I can suggest to do the following things:

  • Add a note to the Hurl documentation about building with PGO. In this case, users and maintainers who build their own Hurl binaries will be aware of PGO as an additional way to optimize the project.
  • Optimize provided by Hurl project binaries on the CI (like it's already done for other projects like Rustc), if any.
  • Try to evaluate LLVM BOLT in addition to PGO on Hurl.

zamazan4ik avatar Sep 12 '23 01:09 zamazan4ik

Hi @zamazan4ik could you propose us a small text for the documentation about "Add a note to the Hurl documentation about building with PGO"

jcamiel avatar Jan 10 '24 13:01 jcamiel

Hi @zamazan4ik could you propose us a small text for the documentation about "Add a note to the Hurl documentation about building with PGO"

Sure!

Firstly, I want to share with you existing PGO-oriented documentation in other projects:

  • ClickHouse: https://clickhouse.com/docs/en/operations/optimizing-performance/profile-guided-optimization
  • Databend: https://databend.rs/doc/contributing/pgo
  • Vector: https://vector.dev/docs/administration/tuning/pgo/
  • Nebula: https://docs.nebula-graph.io/3.5.0/8.service-tuning/enable_autofdo_for_nebulagraph/
  • GCC: Official docs, section "Building with profile feedback"
  • Clang:
    • https://llvm.org/docs/HowToBuildWithPGO.html
    • https://llvm.org/docs/AdvancedBuilds.html
  • Rustc: https://rustc-dev-guide.rust-lang.org/building/optimized-build.html#profile-guided-optimization
  • tsv-utils: https://github.com/eBay/tsv-utils/blob/master/docs/BuildingWithLTO.md

I hope you can find something useful in the examples above.

About suggesting a small text about PGO, I suggest you answer the following questions in this text:

  • What is PGO? A link to the Rustc documentation should be enough, IMHO
  • What benefits does PGO bring to Hurl?
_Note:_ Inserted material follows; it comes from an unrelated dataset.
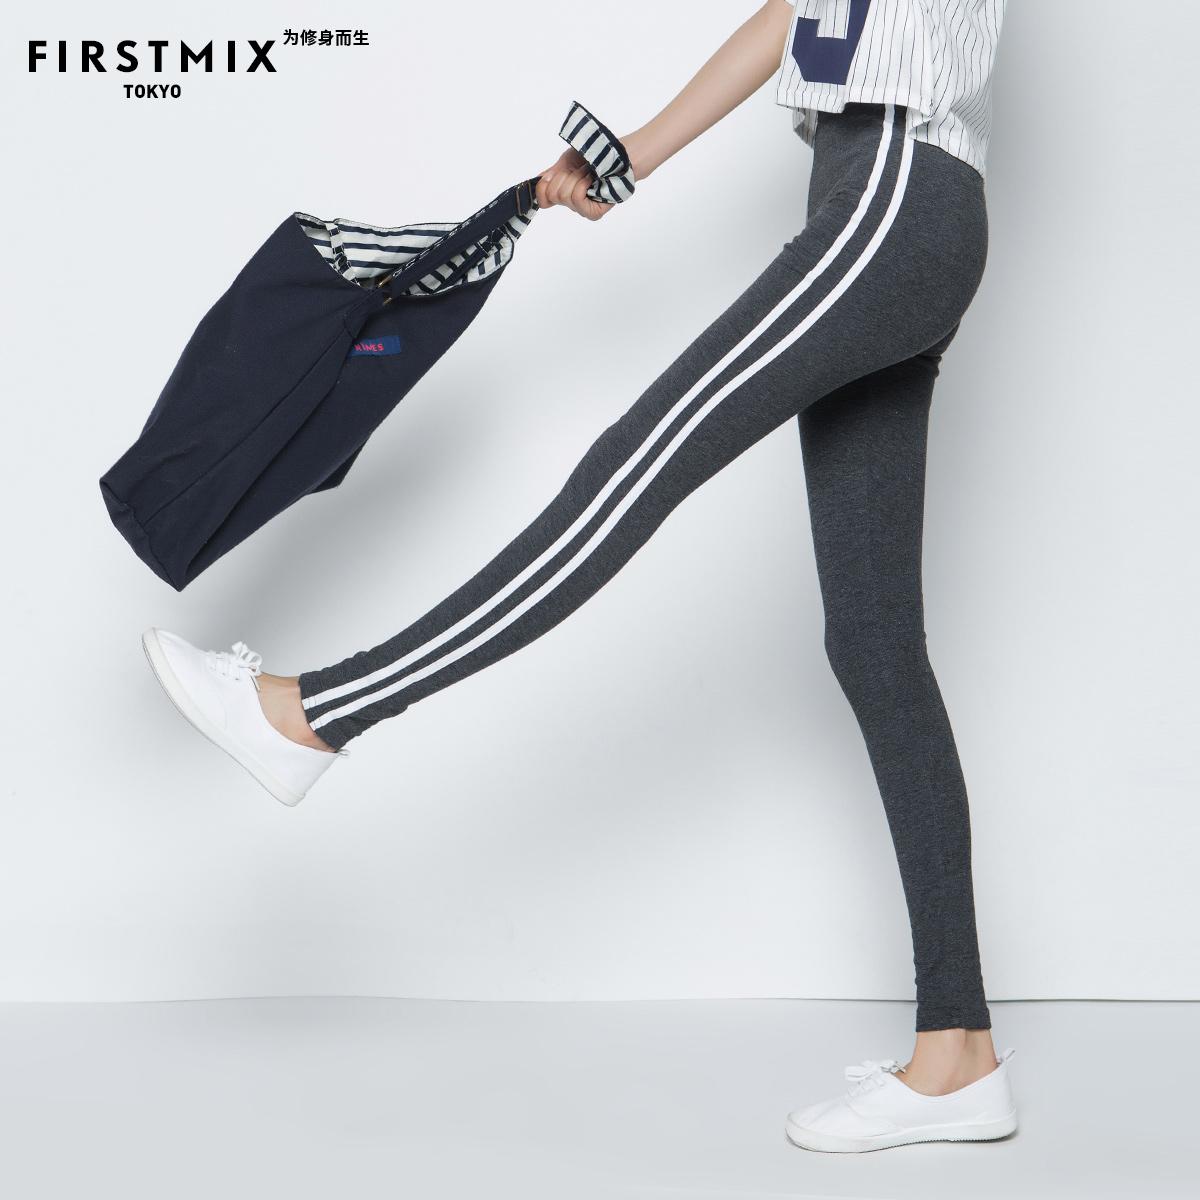 FIRSTMIX打底裤 新款条纹休闲运动长裤 韩版显瘦秋季薄款aAiE96

Here we can reference this issue with actual benchmarks
  • How to build Hurl with PGO? Here we can write a simple instruction for building Hurl with PGO via cargo-pgo or with raw compiler PGO-related options (Rustc documentation)

Where to put this instruction? I guess somewhere in "Building from sources" documentation.

So I think the text could look like this (as a reference I used Vector documentation about PGO):

"Profile-Guided Optimization (PGO) is a compiler optimization technique where a program is optimized based on the runtime profile.

According to the tests, we see improvements of up to 20% faster request executions in the benchmark. The performance benefits depend on your typical workload - you can get better or worse results.

More information about PGO in Hurl can be found in the corresponding GitHub issue.

How to build Hurl with PGO?

There are two major kinds of PGO: Instrumentation and Sampling (also known as AutoFDO). In this guide, is described the Instrumentation PGO with Hurl. We use cargo-pgo for building Hurl with PGO.

  • Install cargo-pgo.
  • Check out the Hurl repository.
  • Go to the Hurl source directory and run cargo pgo build. It will build the instrumented Hurl version.
  • Run instrumented Hurl on your test load. Usually, performing several workload-representative requests is enough to collect a good PGO profile (but your case can be different).
  • Run cargo pgo optimize. It will build Hurl with PGO optimization.

A more detailed guide on how to apply PGO is in the Rust documentation."

I think having something like this in the documentation is fine.

zamazan4ik avatar Jan 11 '24 02:01 zamazan4ik

Thanks a lot, I'll put all this in the repo under "contrib", and link it in the documentation!

jcamiel avatar Jan 11 '24 05:01 jcamiel